How to run with "-m some-module" directly in python code?

Recently I learned that running a command like below can run some torch.distributed python modules:

"python -m torch.distributed.launch --nproc_per_node=2 SOME_TRAINING_SCRIPT.py"

========

If I want to achieve running SOME_TRAINING_SCRIPT.py by torch.distributed.launch by just executing script python SOME_TRAINING_SCRIPT.py (instead of python -m torch.distributed.launch --nproc_per_node=2 SOME_TRAINING_SCRIPT.py), what things should be added to SOME_TRAINING_SCRIPT.py to achieve this?

The python file is like below:

import torch, os
import torch.nn as nn
from torch.utils.data import Dataset, DataLoader
from torch.utils.data.distributed import DistributedSampler
os.environ["CUDA_VISIBLE_DEVICES"] = "1,2"
os.environ['MASTER_ADDR'] = '127.0.0.1'
os.environ['MASTER_PORT'] = '29500'

torch.distributed.init_process_group(backend="gloo")

input_size = 5
output_size = 2
batch_size = 30
data_size = 90

local_rank = torch.distributed.get_rank()
torch.cuda.set_device(local_rank)
device = torch.device("cuda", local_rank)

print("local_rank = ", local_rank)

class RandomDataset(Dataset):
    def __init__(self, size, length):
        self.len = length
        self.data = torch.randn(length, size).to('cuda')

    def __getitem__(self, index):
        return self.data[index]

    def __len__(self):
        return self.len


dataset = RandomDataset(input_size, data_size)
rand_loader = DataLoader(dataset=dataset,
                         batch_size=batch_size,
                         sampler=DistributedSampler(dataset))

class Model(nn.Module):
    def __init__(self, input_size, output_size):
        super(Model, self).__init__()
        self.fc = nn.Linear(input_size, output_size)

    def forward(self, input):
        output = self.fc(input)
        print("  In Model: input size", input.size(),
              "output size", output.size())
        return output


model = Model(input_size, output_size)
model.to(device)

if torch.cuda.device_count() > 1:
    print("Let's use", torch.cuda.device_count(), "GPUs!")
    model = torch.nn.parallel.DistributedDataParallel(model,
                                                      device_ids=[local_rank],
                                                      output_device=local_rank)

for data in rand_loader:
    if torch.cuda.is_available():
        input_var = data
    else:
        input_var = data
    output = model(input_var)
    print("Outside: input size", input_var.size(), "output_size", output.size())
Tom
  • 3,168
  • 5
  • 27
  • 36
  • I’d start by looking at the source code of `torch.distributed.launch`. It’s likely just some wrapper around importing some classes and functions which it calls in the end.
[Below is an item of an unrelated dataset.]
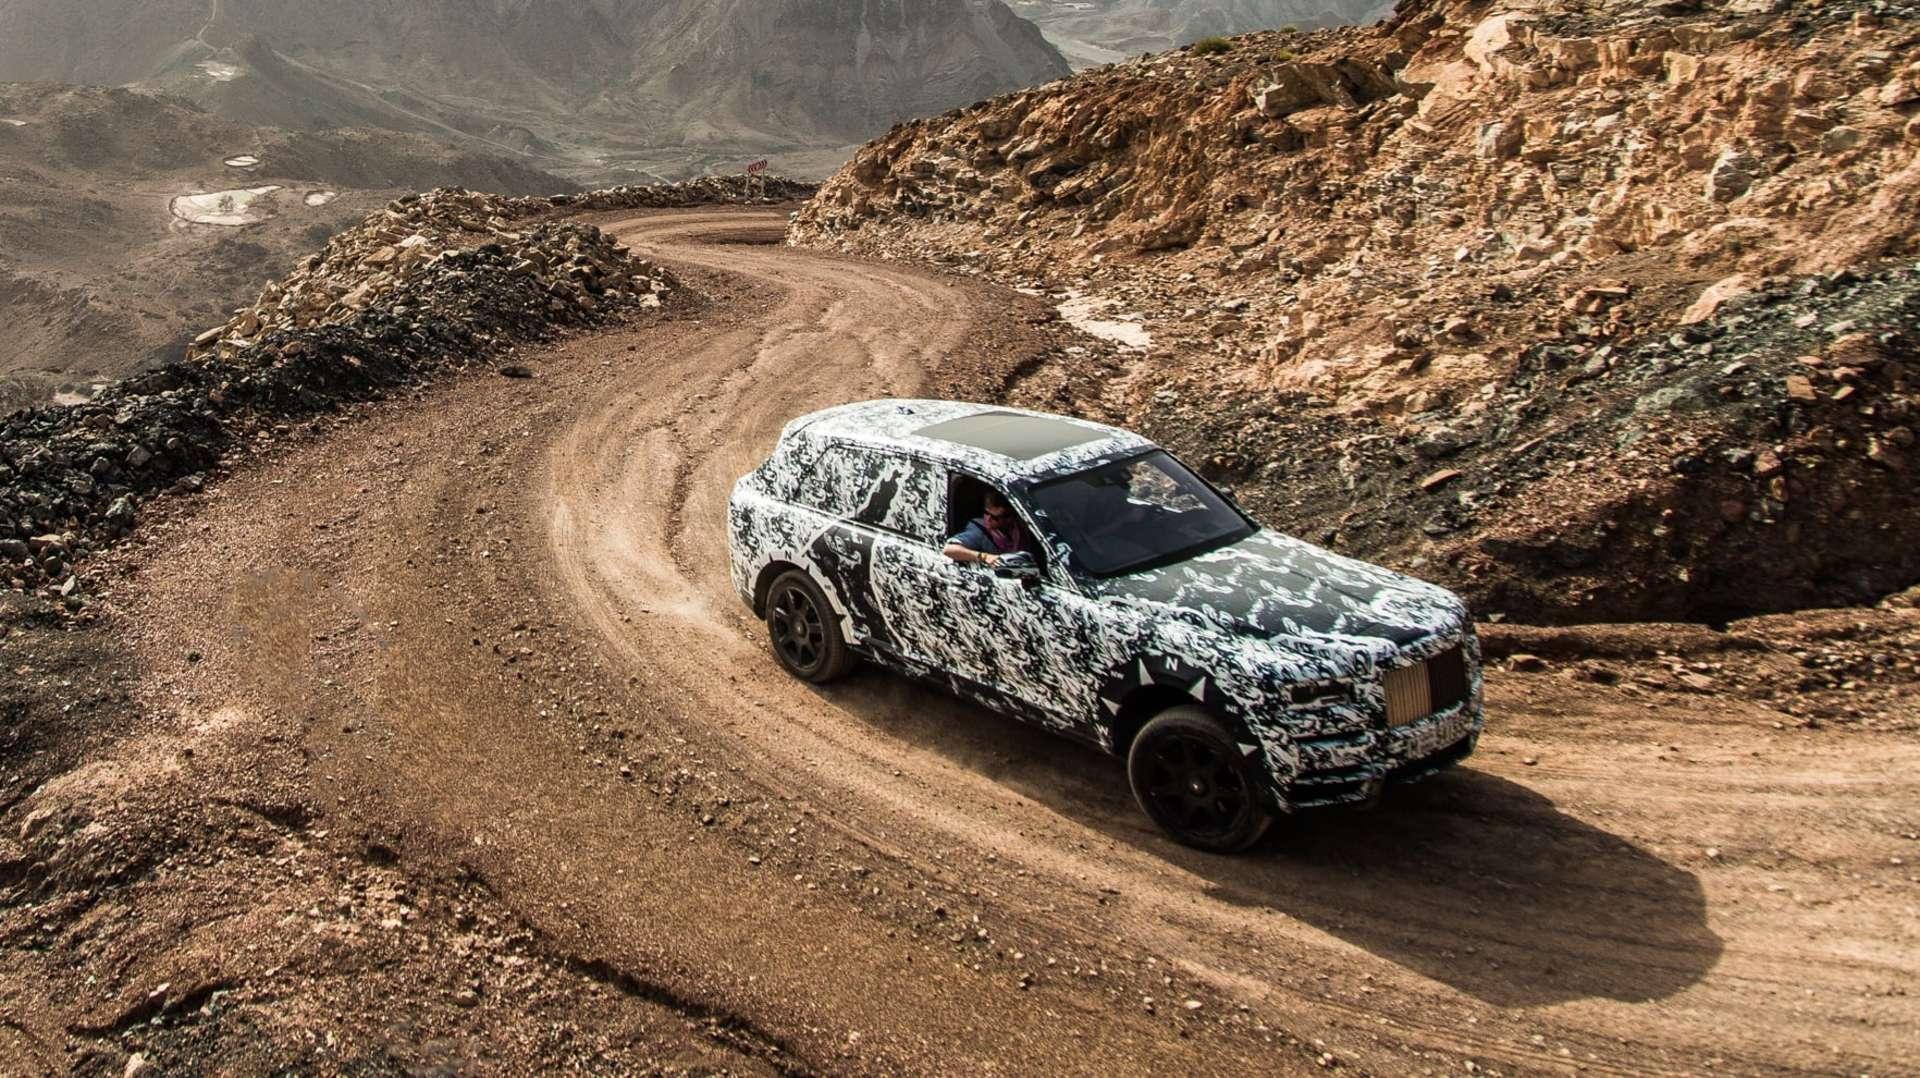 A Rolls-Royce Cullinan motor car driving through rocky terrain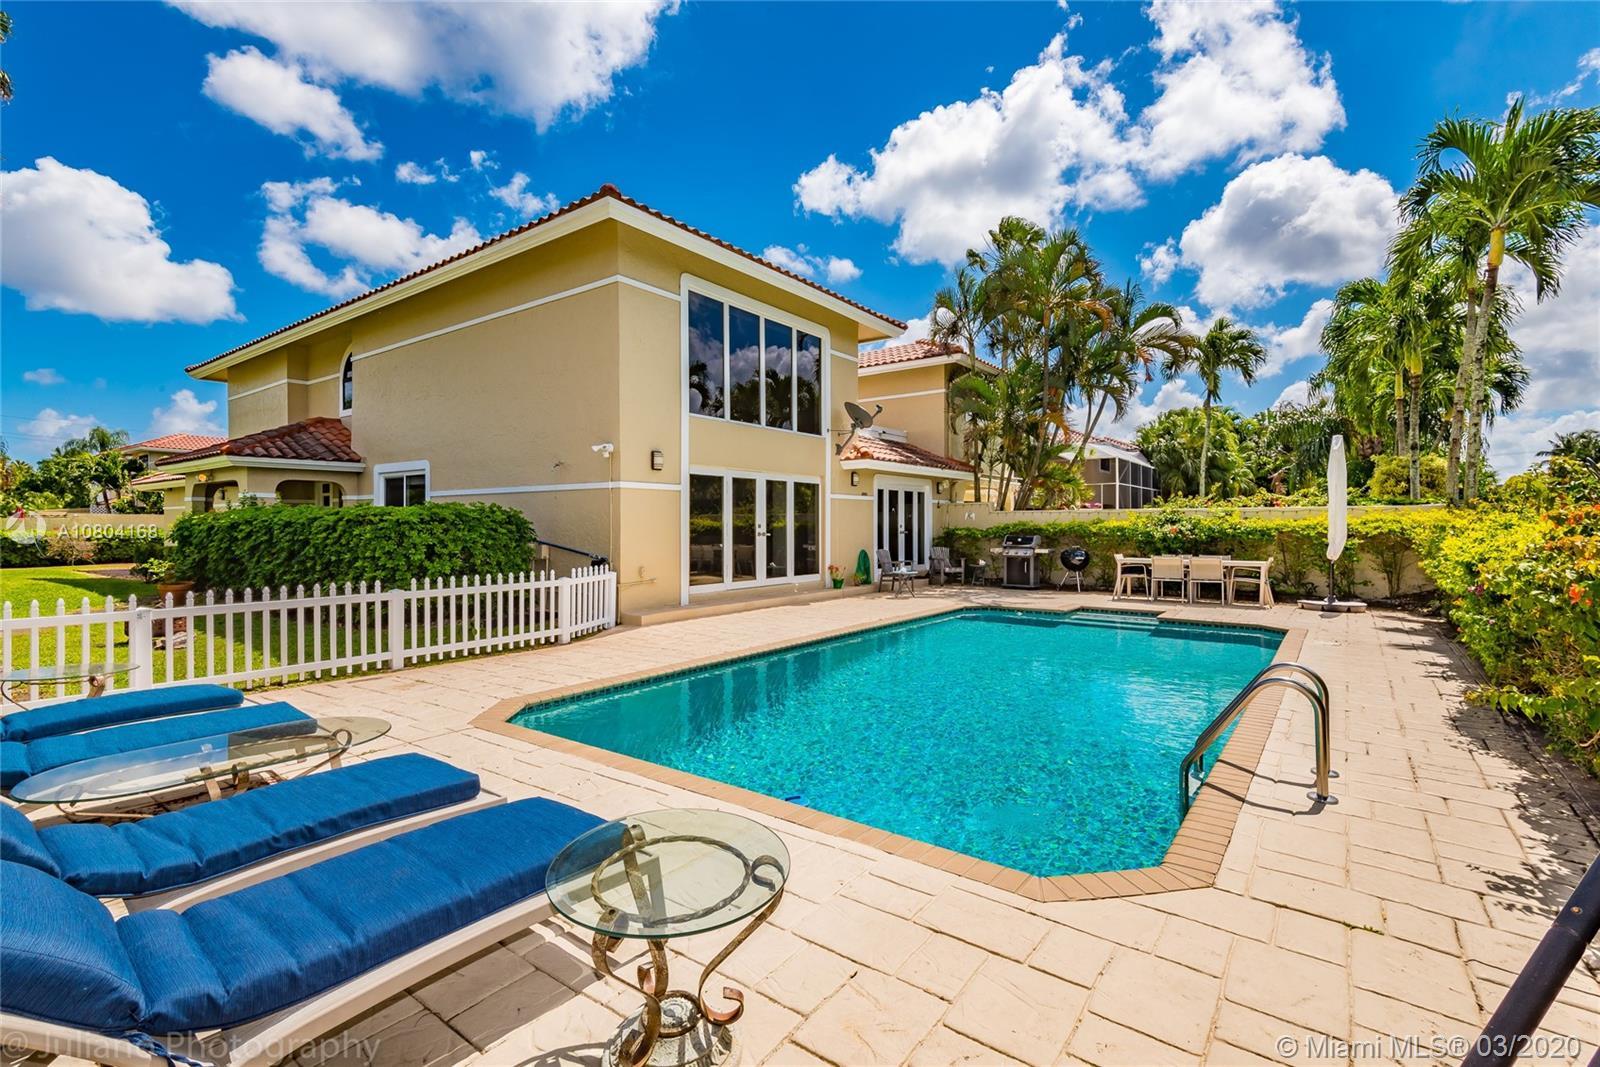 763 Villa Portofino Cir, Deerfield Beach, FL 33442

You can import and call the same things. – deceze Nov 03 '19 at 07:39
  • Does this answer your question? [Is there a way to use the python -m mymod syntax from within the python interpreter?](https://stackoverflow.com/questions/39396373/is-there-a-way-to-use-the-python-m-mymod-syntax-from-within-the-python-interpre) – Maximilian Burszley Jul 28 '20 at 22:32

1 Answers1

1

If you're looking to just shorten the running command for your training script, you can simply achieve this using a bash scripts (Mac/Unix).

Bash Script Example

Create a file called run_distributed_training.sh with content:

#!/bin/sh
python -m torch.distributed.launch --nproc_per_node=2 SOME_TRAINING_SCRIPT.py

Then you'll need to set permissions to execute this:

chmod +x run_distributed_training.sh

Finnaly, you can execute like this:

./run_distributed_training.sh

You can achieve the same for Windows using .bat scripts.

Explained here: Creating a BAT file for python script

Rithin Chalumuri
  • 1,739
  • 7
  • 19